Corporate Livestock Seeks Profit at Expense of Farmers
April 29, 2010
(April 29, 2010) Washington – Trotting out tired and oft-refuted rhetoric yet again, the nation’s corporate livestock lobbies seek to stand in the way of America’s transition to renewable fuels. In a letter to Congress, these groups insist on recycling the canard that ethanol is responsible for higher corn costs and oppose tax incentives critical to the continued growth and evolution of American renewable fuels.
Correcting the record, the Renewable Fuels Association released the following statement:
“Once again, corporate livestock interests are seeking to return to the days they bought corn under the price of production for the American farmer. Such practices resulted in farmers getting more income from the government than they could from the marketplace, while corporate livestock industries prospered.

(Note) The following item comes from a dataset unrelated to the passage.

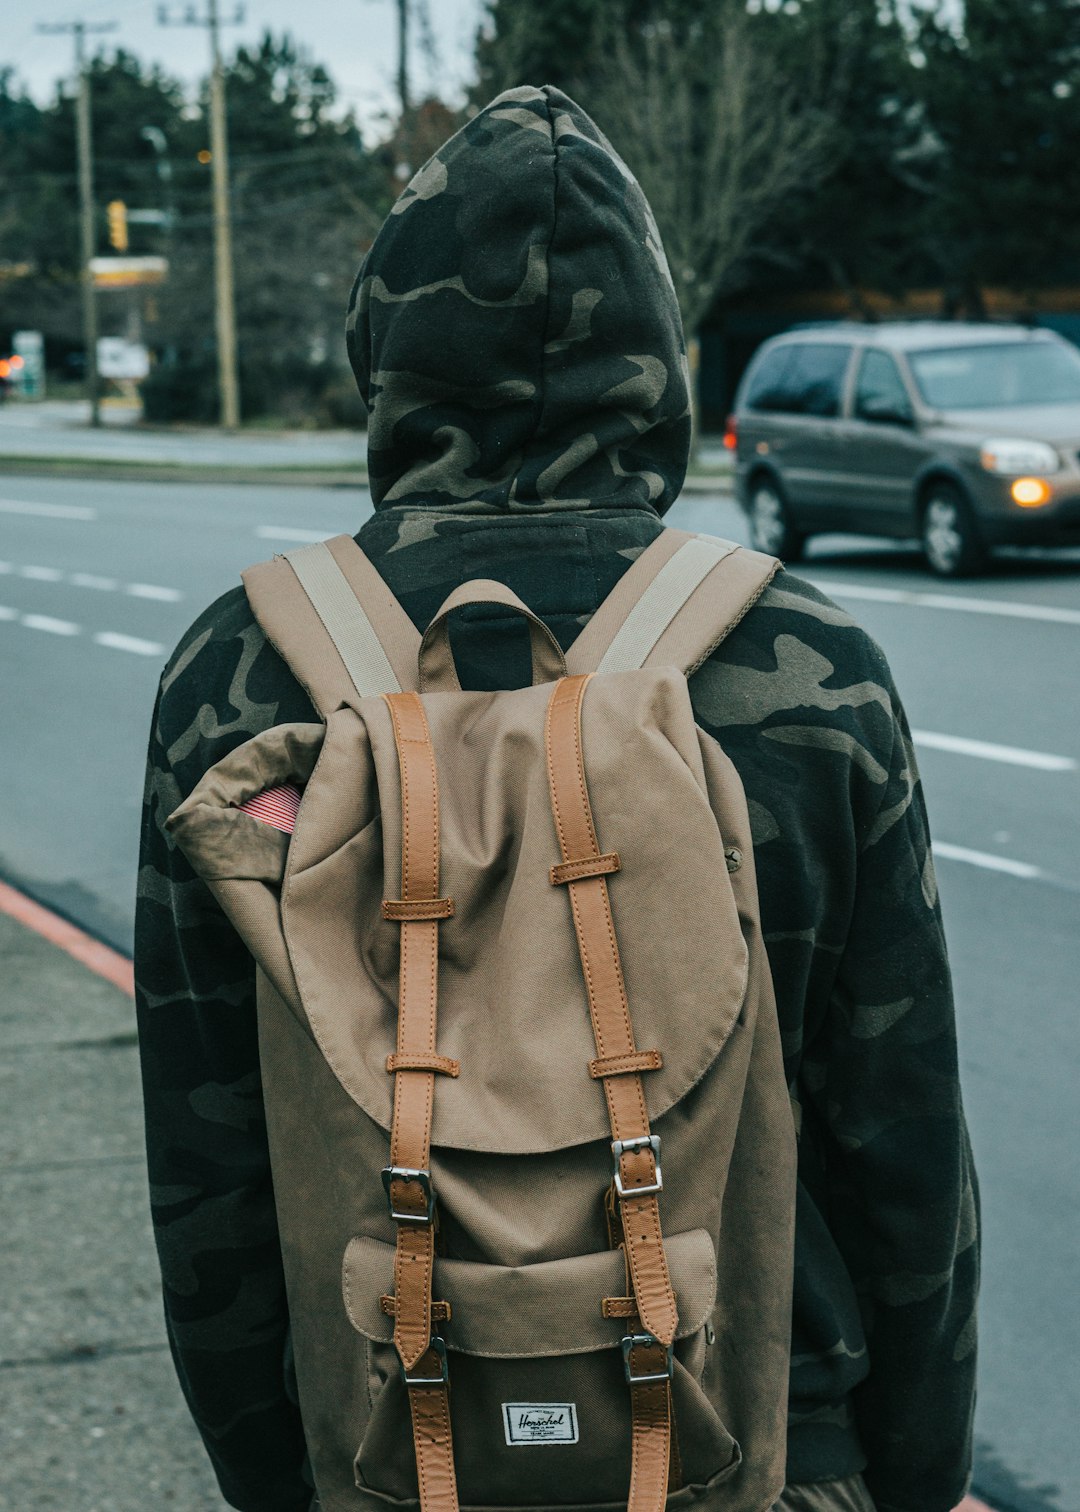 person wearing gray knapsack bag and hoodie jacket during daytime

“America’s commitment to ethanol and other renewable fuels has brought hundreds of thousands of jobs and increased economic opportunity to rural America like nothing before it. It is providing farmers with a fair market price for their corn, reducing the price American’s pay at the pump, and help tame America’s addiction to oil.
“Ethanol is not the major driving force behind corn prices, whether they are rising or falling. Oil prices, speculation, weather, and a host of other factors have far more to do with the price of corn than ethanol production. Consider that since the peak of corn prices in 2008, oil prices have fallen by half and speculation in grain markets has eased considerably. As a result, corn prices have moderated to a more sustainable level given the increase in oil prices from pre-RFS days.
“American farmers have repeatedly shown the capability to produce enough corn to meet all needs and still have bushels left over at the end of the year. To continue blaming ethanol for corn prices after such arguments have been roundly refuted is beyond misleading."